Given data: Begin

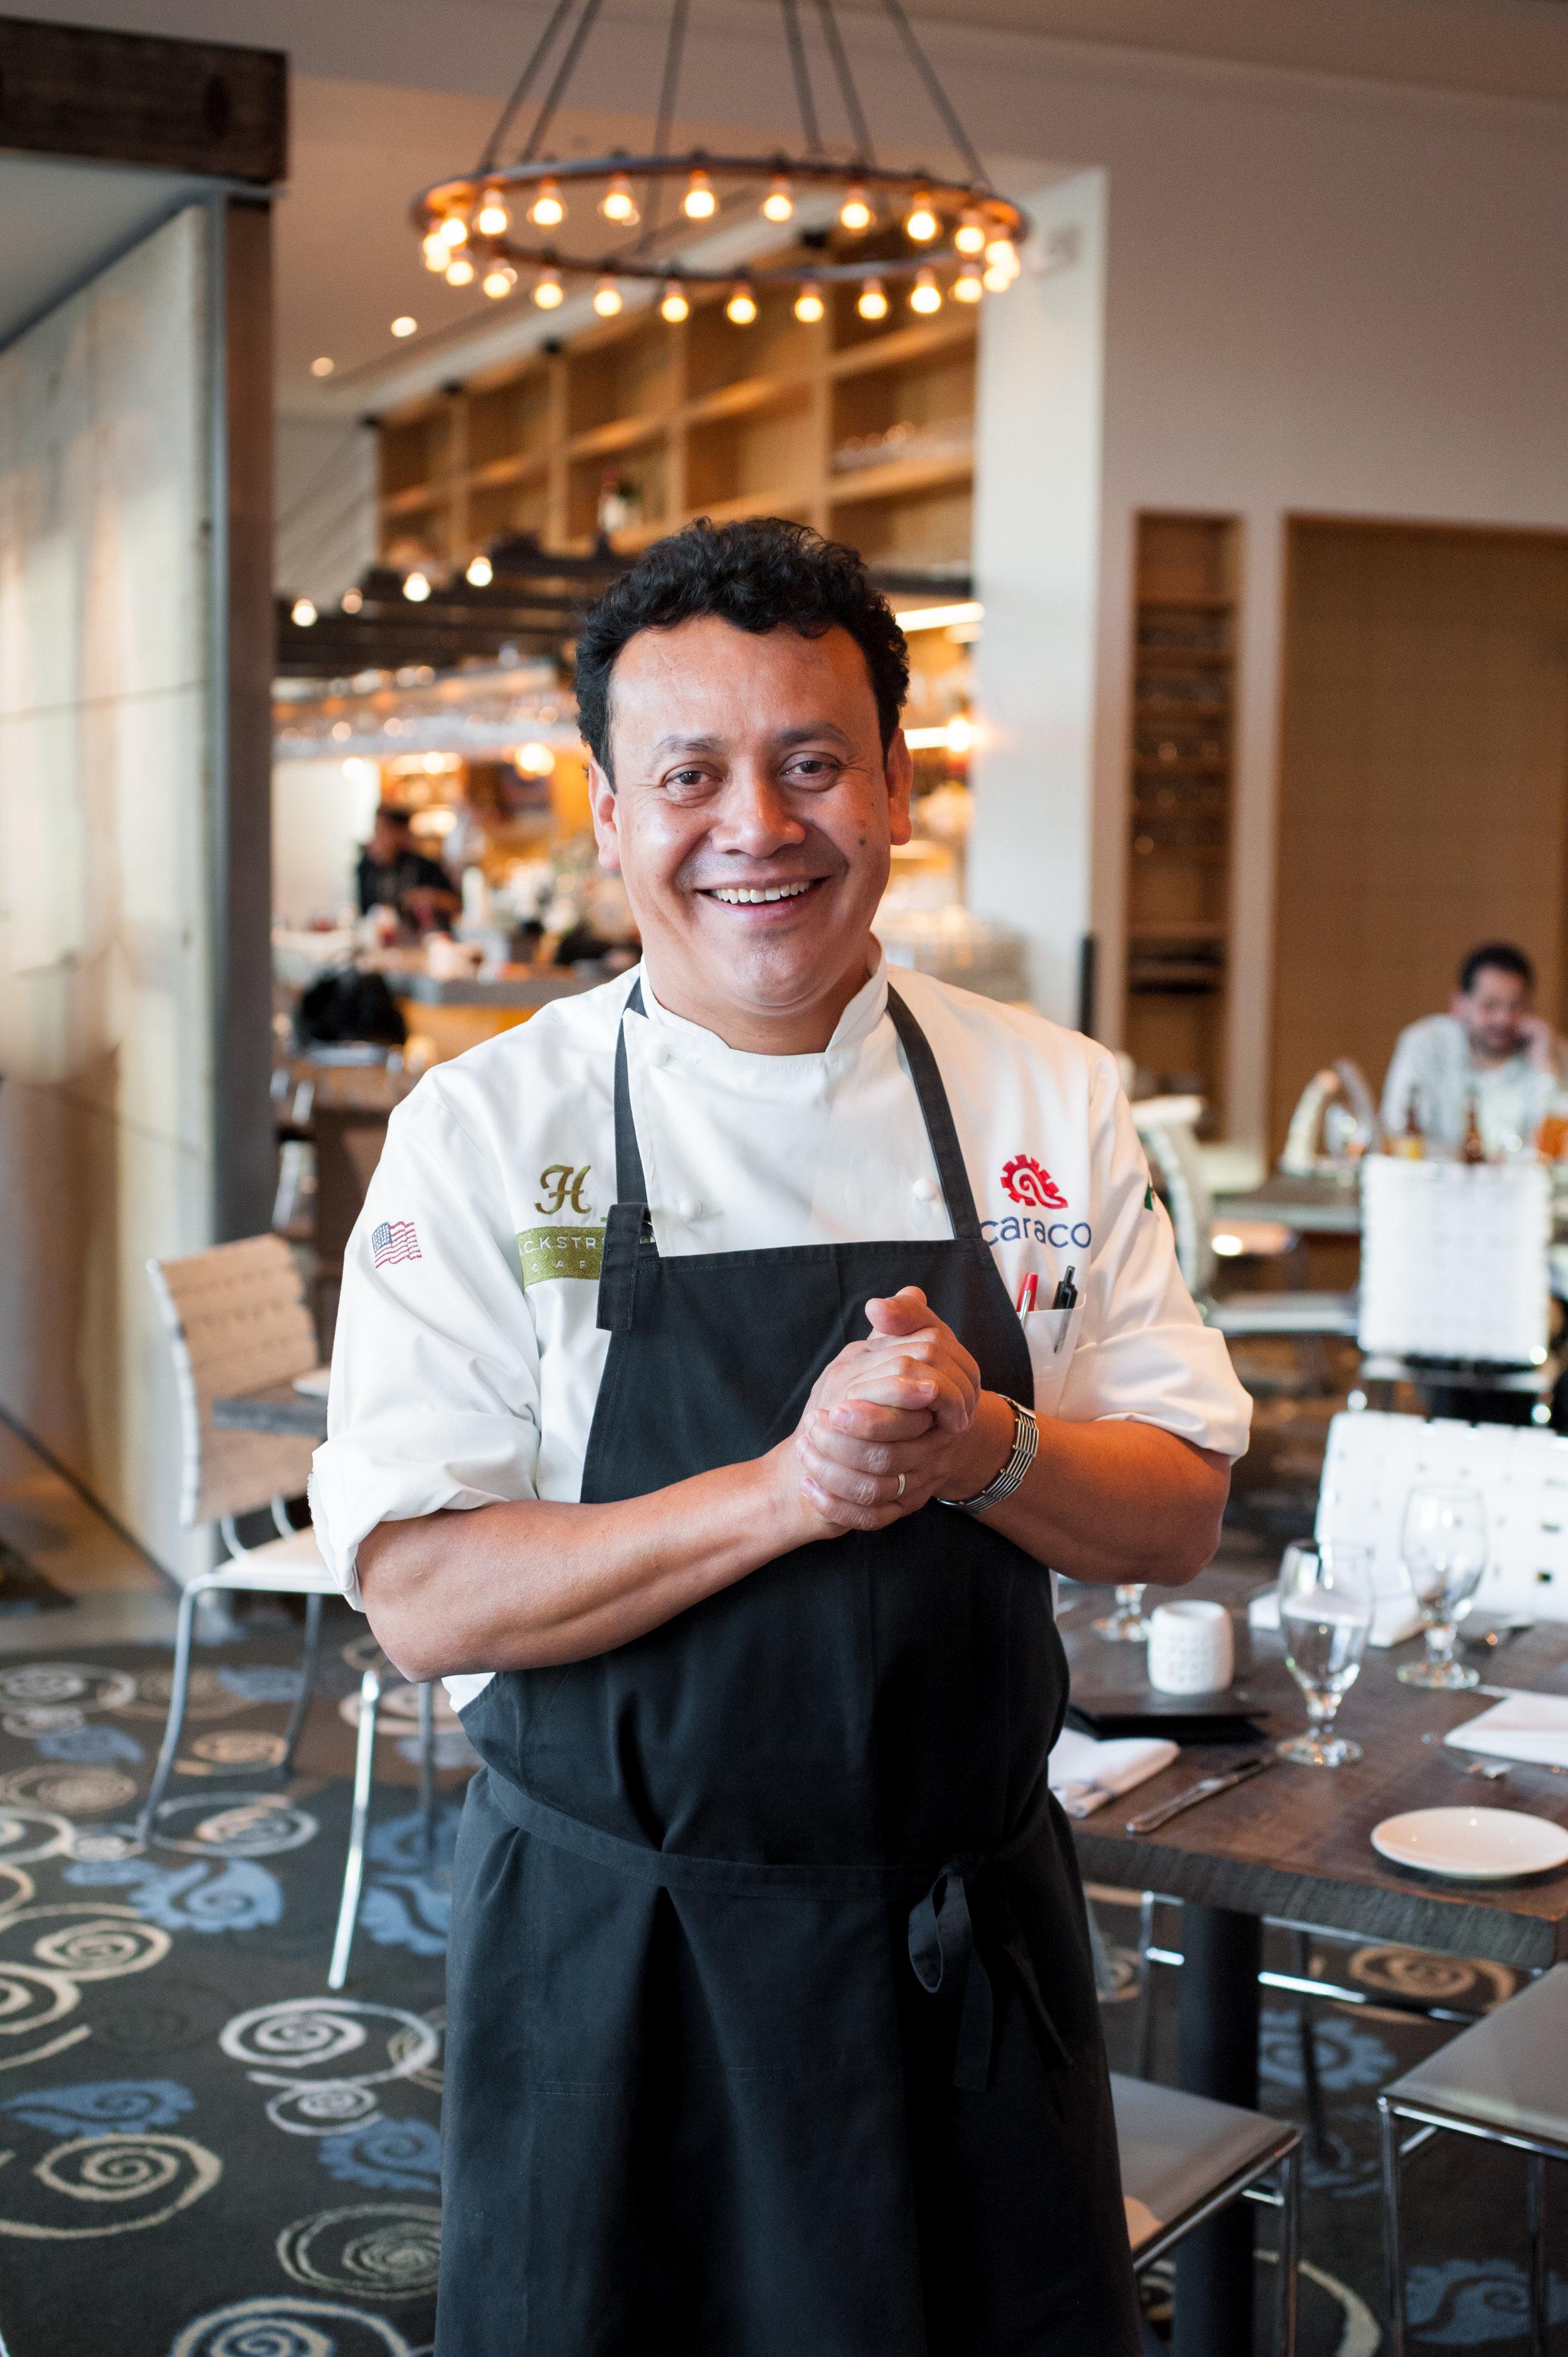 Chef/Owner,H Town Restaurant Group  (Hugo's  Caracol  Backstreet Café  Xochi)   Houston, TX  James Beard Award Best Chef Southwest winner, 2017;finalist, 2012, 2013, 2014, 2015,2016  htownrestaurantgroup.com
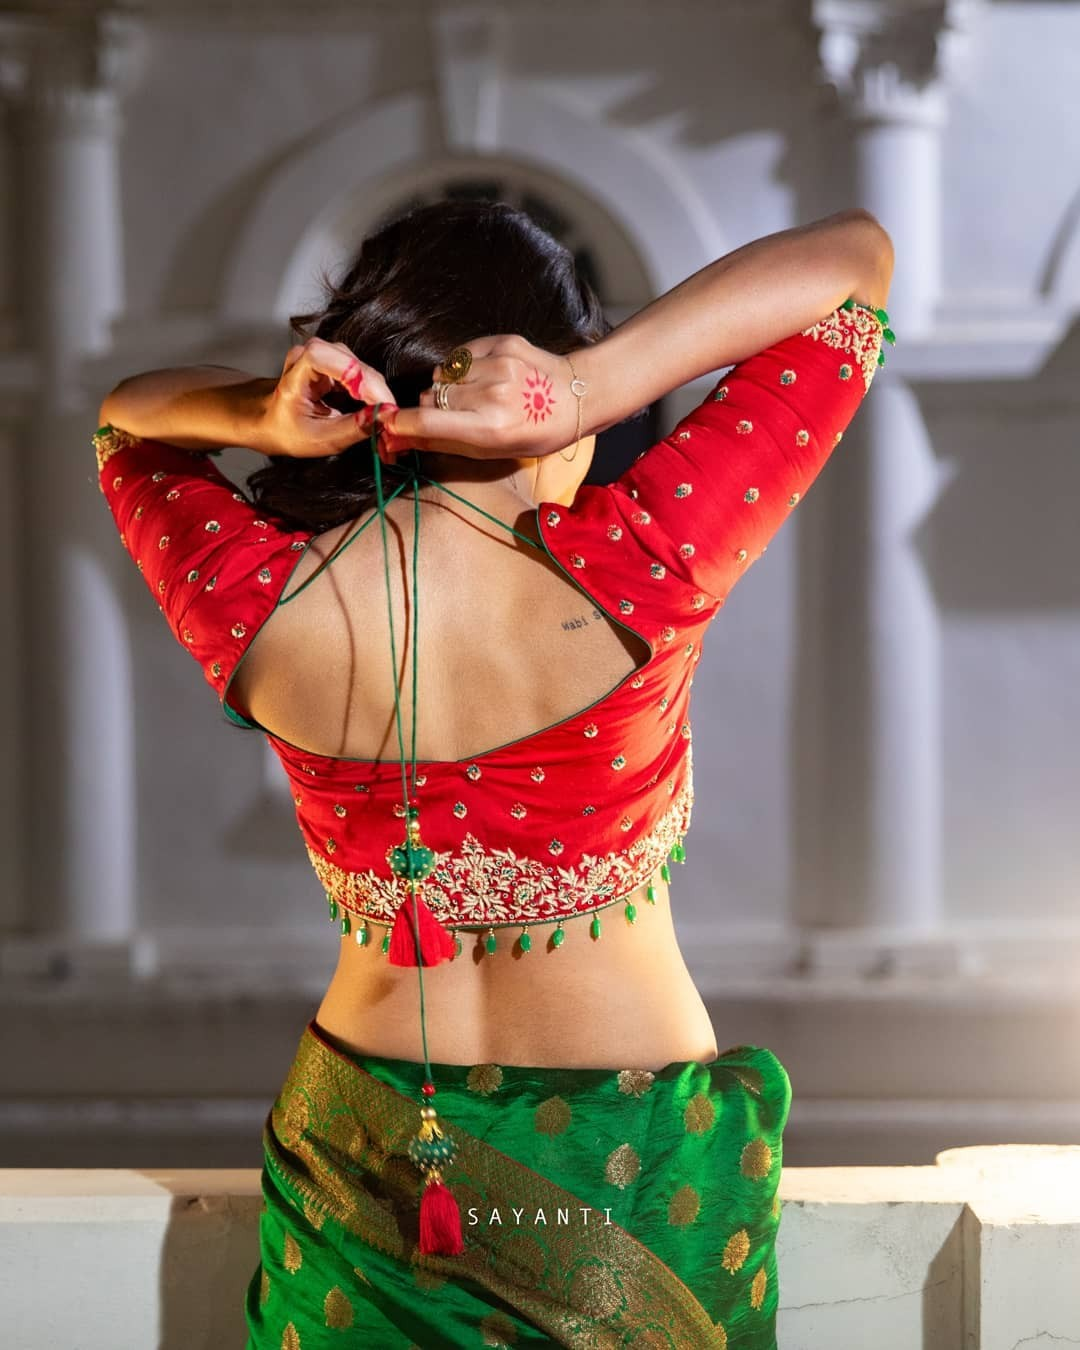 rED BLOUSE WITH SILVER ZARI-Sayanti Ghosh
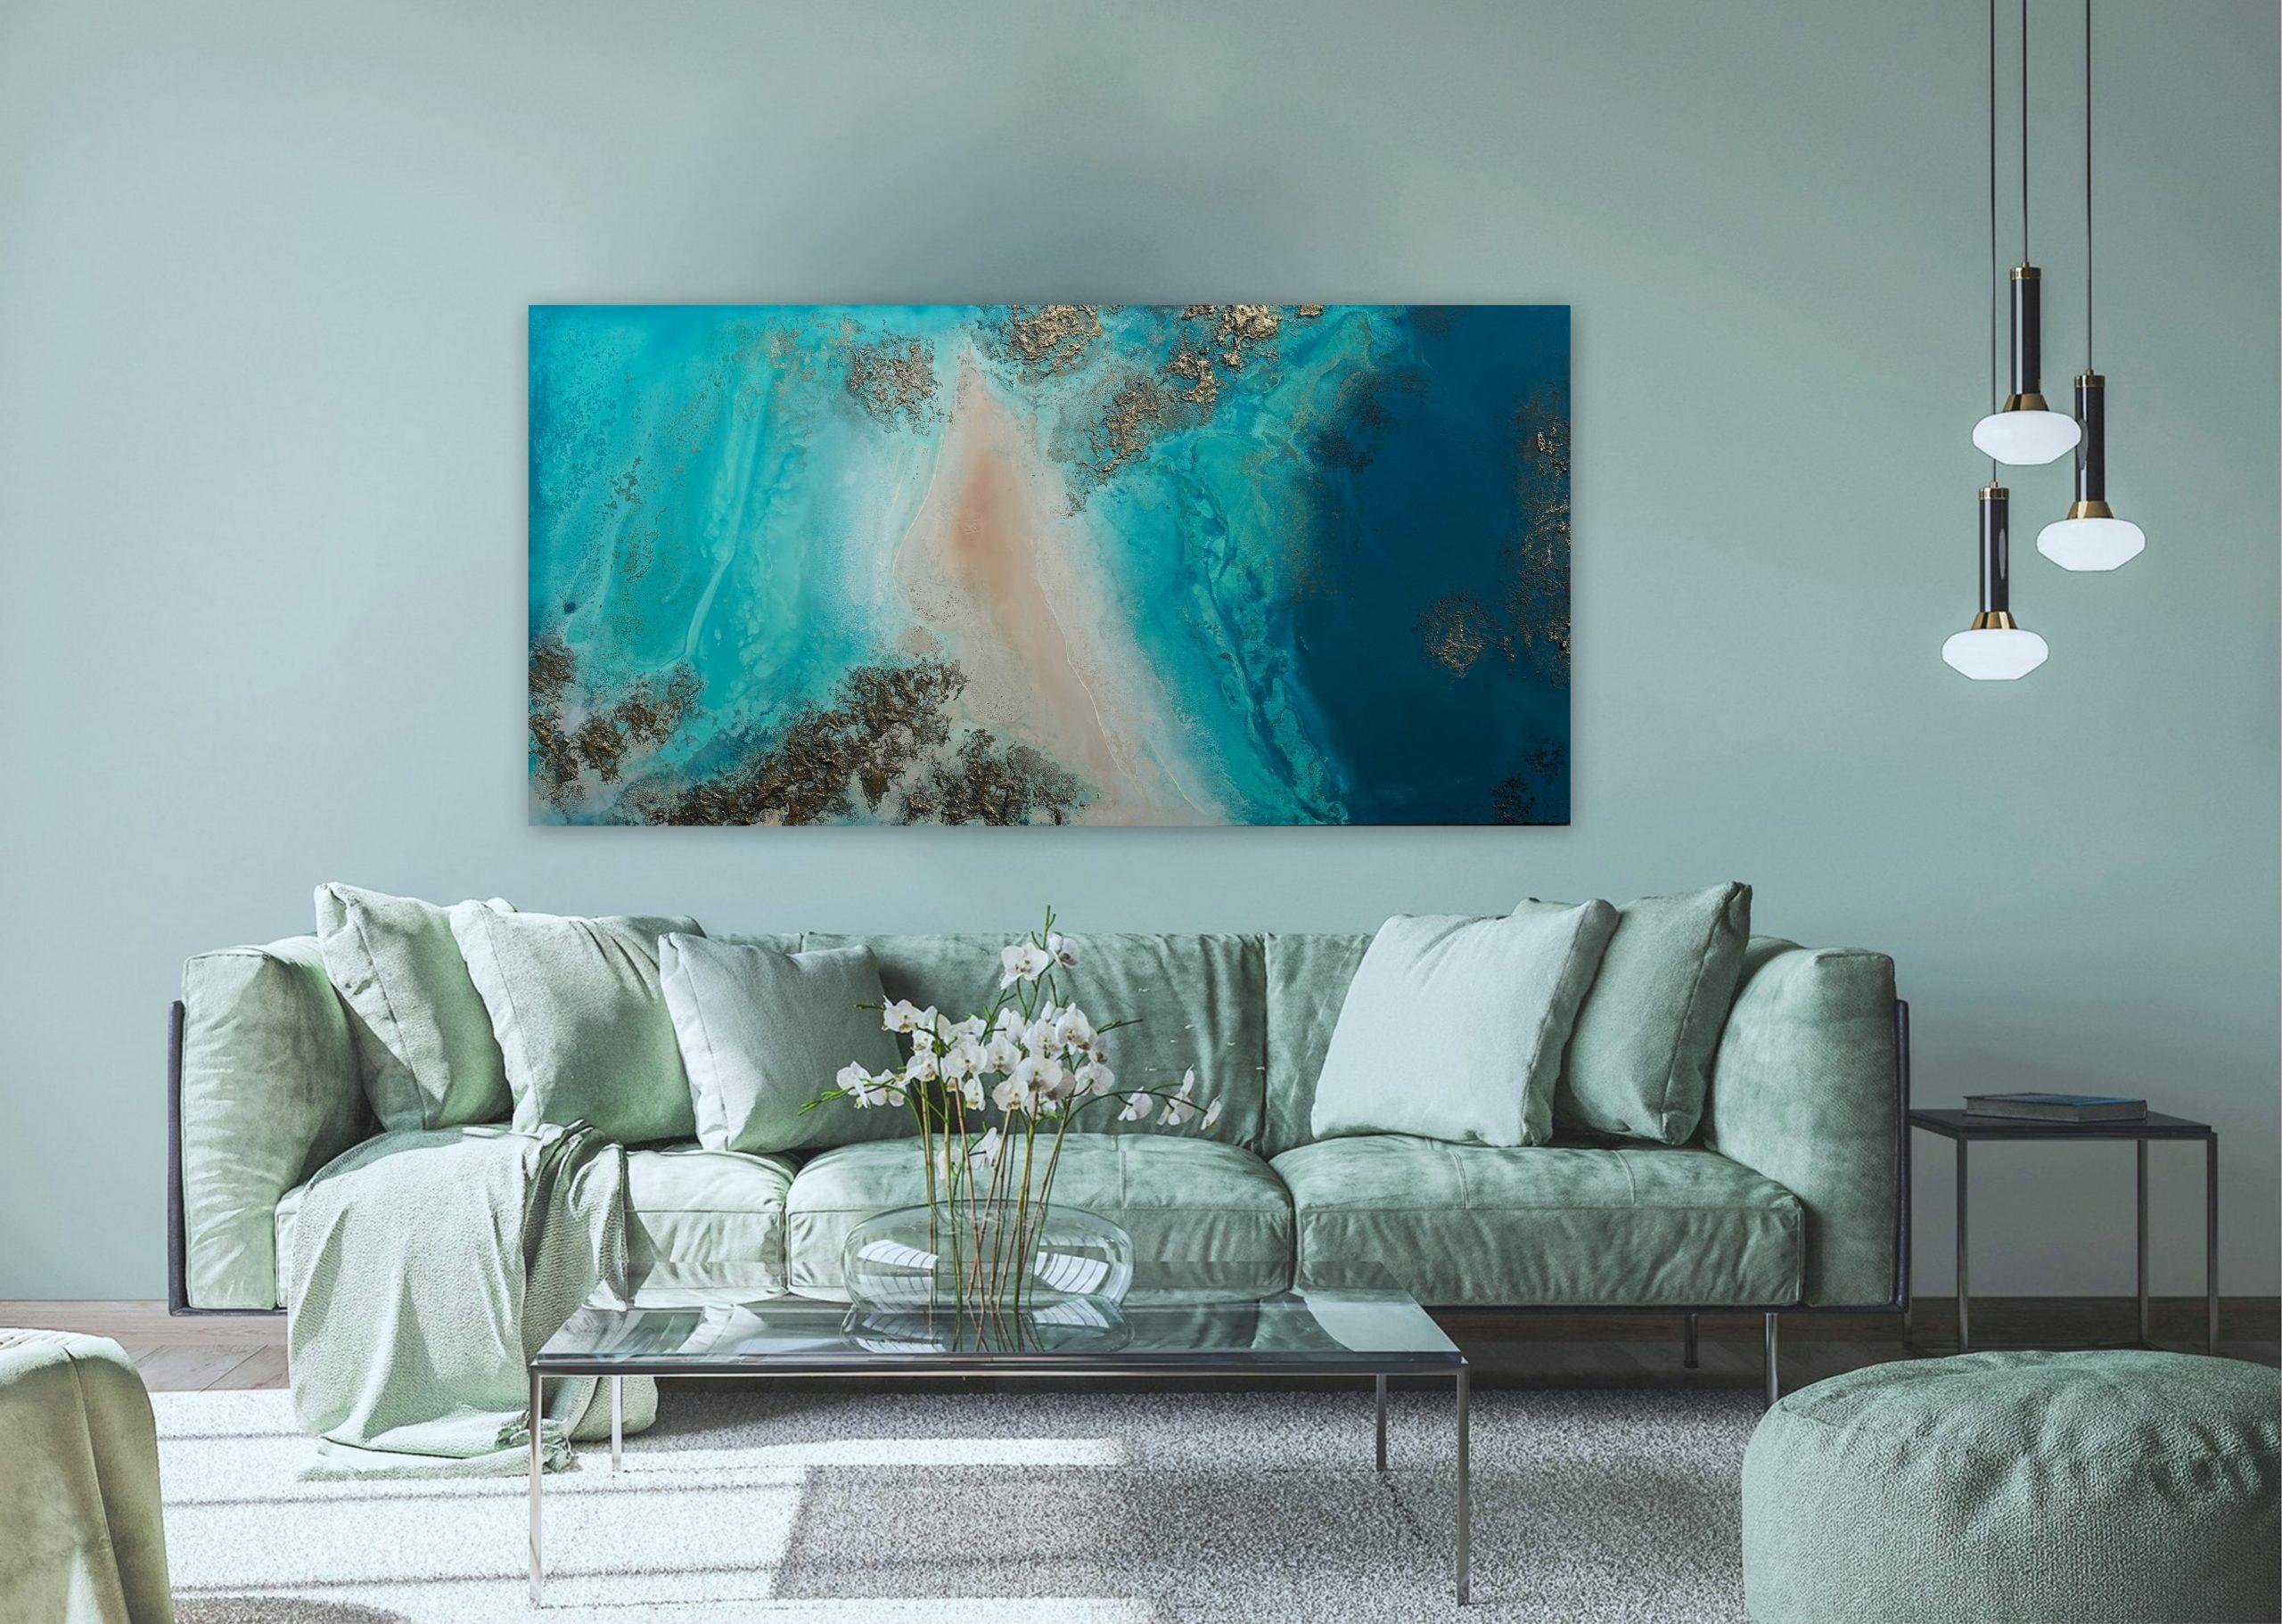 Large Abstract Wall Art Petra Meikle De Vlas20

Given data: End

Leaving out the pictures, output each line above exactly as it is.

> [Response to the exercise]
 Chef/Owner,H Town Restaurant Group  (Hugo's  Caracol  Backstreet Café  Xochi)   Houston, TX  James Beard Award Best Chef Southwest winner, 2017;finalist, 2012, 2013, 2014, 2015,2016  htownrestaurantgroup.com
 rED BLOUSE WITH SILVER ZARI-Sayanti Ghosh
 Large Abstract Wall Art Petra Meikle De Vlas20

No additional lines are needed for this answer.